Sin embargo, este hombre había sido lo suficientemente aterrador como para destruir a una criatura tan poderosa con un solo golpe.
Invocar al Devorador de Energía Espiritual consumió una gran cantidad de la energía espiritual de los ancianos.
Wilbur sonrió fríamente al ver sus caras de asombro. "¿Eso es todo lo que tienen?".
Empuñó la histórica alabarda y se dirigió lentamente hacia los tres ancianos.
Una abrumadora sensación de presión se apoderó de ellos mientras el sudor resbalaba por sus rostros.
"Vamos, saquen todos sus movimientos definitivos. Si no tienen ninguno, ahora sería un buen momento para decir sus últimas palabras... aunque, sinceramente, no quiero oírlas".
Justo entonces, Kolton soltó un rugido salvaje. Se liberó de la presión espiritual de Wilbur y unió sus manos a las de Ángela y Baru antes de arrodillarse en el suelo formando un círculo.
Mientras murmuraban un torrente de cánticos, la niebla empezó a extenderse desde sus cuerpos.
Wilbur lanzó un grito al verlos, enviando la histórica alabarda hacia ellos.
Sin embargo, una barrera gris se alzó en el aire alrededor de los tres ancianos y
la alabarda fue devuelta a las garras de Wilbur.
Un pilar de luz gris descendió de los cielos, iluminando a los tres ancianos a través de la barrera.
Los tres ancianos empezaron a experimentar un cambio misterioso.
Aparecieron protuberancias por toda su piel y sus cuerpos se unieron.
Al mismo tiempo, un aura invencible comenzó a extenderse desde la barrera.
Los creyentes de Pumido se volvieron aún más salvajes, lanzándose contra la barrera espiritual con todas sus fuerzas.
Aún apareció más gente por encima del techo rasgado del sótano.
Saltaron al interior del sótano, lanzándose hacia Wilbur mientras lo fulminaban con la mirada, aparentemente ajenos al dolor que les causaba.
Wilbur suspiró.
No podía matar a toda esa gente.

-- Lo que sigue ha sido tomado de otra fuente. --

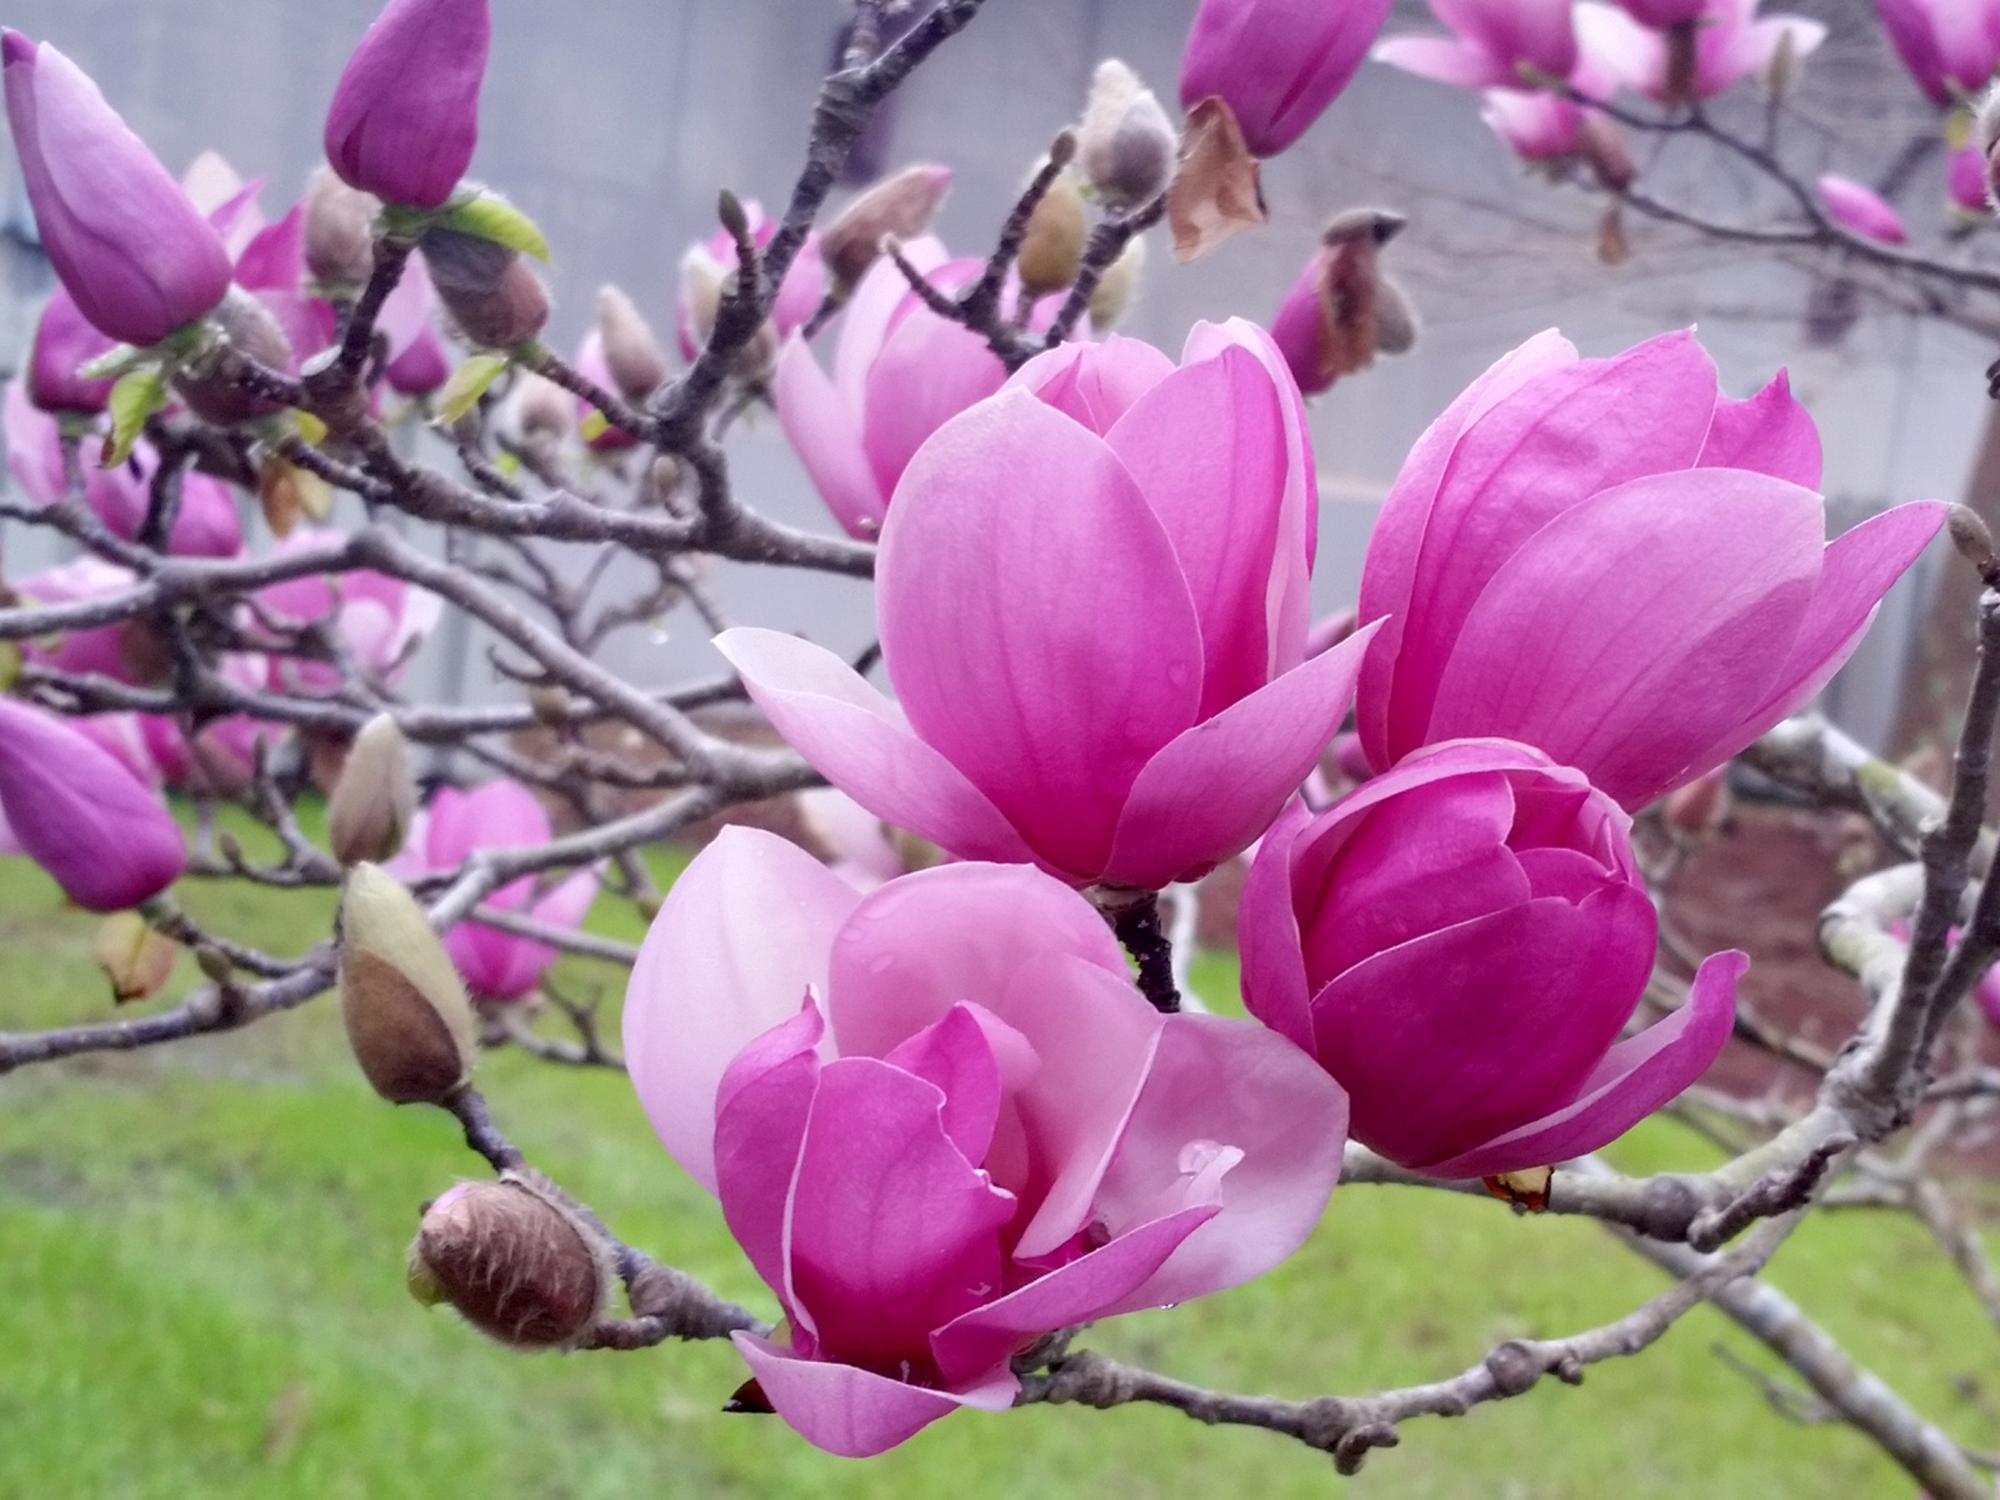 Saucer magnolias bloom before the leaves emerge with huge, white, pink or bold-purple flowers that reach up to 10 inches across. (Photo by MSU Extension/Gary Bachman)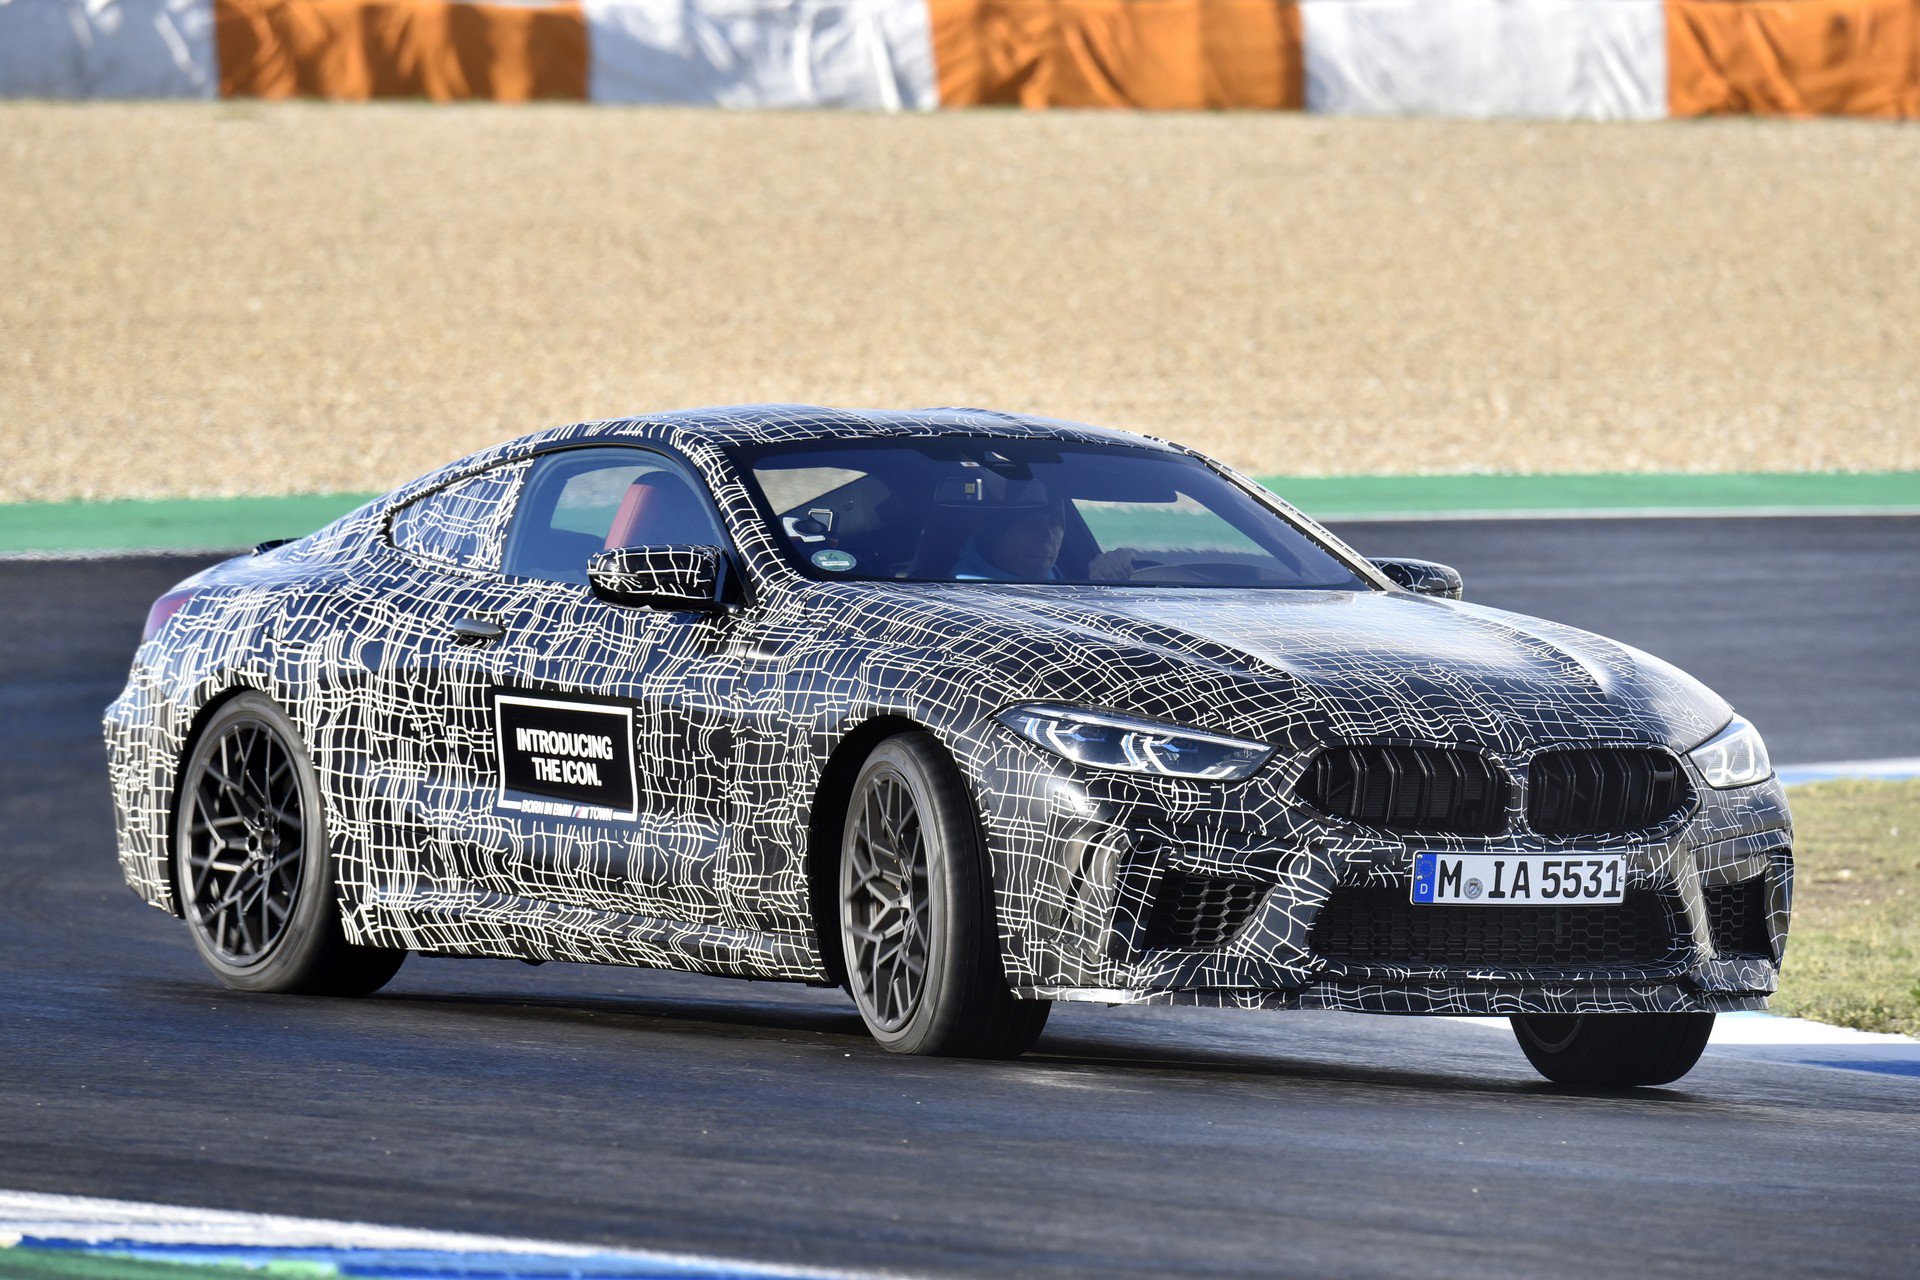 New 2019 BMW M8 Confirmed as the Most Powerful ‘M’ Model Ever Built, More Lightweight than 8-Series Range

Eran inocentes.
El mar de conciencia de Wilbur se onduló de golpe mientras su poderosa energía espiritual comenzaba a condensarse.
Al segundo siguiente, Wilbur lanzó un largo aullido.
La poderosa energía espiritual que giraba a su alrededor se dispersó por todo
Millerton a la vez que se formaban incontables ondas en el aire.
Los creyentes de Pumido se quedaron clavados en el suelo con cara de aturdidos.
Sacudieron la cabeza con todas sus fuerzas como si trataran de recordar algo.
Al mismo tiempo, Wilbur atacó la barrera una vez más, pero se vio incapaz de traspasarla lo más mínimo.
Miró al cielo, al pilar gris que contenía la inmensa cantidad de energía y a la barrera aparentemente impenetrable.
Al ver que sus ataques no podían hacer nada, Wilbur empezó a realizar una serie de gestos en su lugar.
Relámpagos Encadenados, el Dragón del Trueno Infernal y Bombas de Trueno se precipitaron uno tras otro.
El aire retumbó con explosiones ensordecedoras, haciendo que la energía espiritual desenfrenada fluyera salvajemente.
La barrera permaneció intacta.
El cuerpo de Kolton se había fundido por completo en lo que parecía una repugnante masa de carne.
De repente, los gritos de furia de Sandy y Lilian resonaron en el aire. "¿Qué estás haciendo?".
Wilbur se volvió fríamente. "¿No lo ven?".
"¿Le hiciste esto a nuestros ancianos?", dijo Lilian con incredulidad.
Sandy estaba aún más furiosa. "¡Monstruo! ¿Cómo pudiste?".
Wilbur se quedó sin habla.
¿Estaban estas dos mujeres mal de la cabeza?
Justo entonces, aún más creyentes de Pumido volvieron en sí.
Oyeron las palabras de Sandy y Lilian y se volvieron hacia Wilbur conmocionados y furiosos.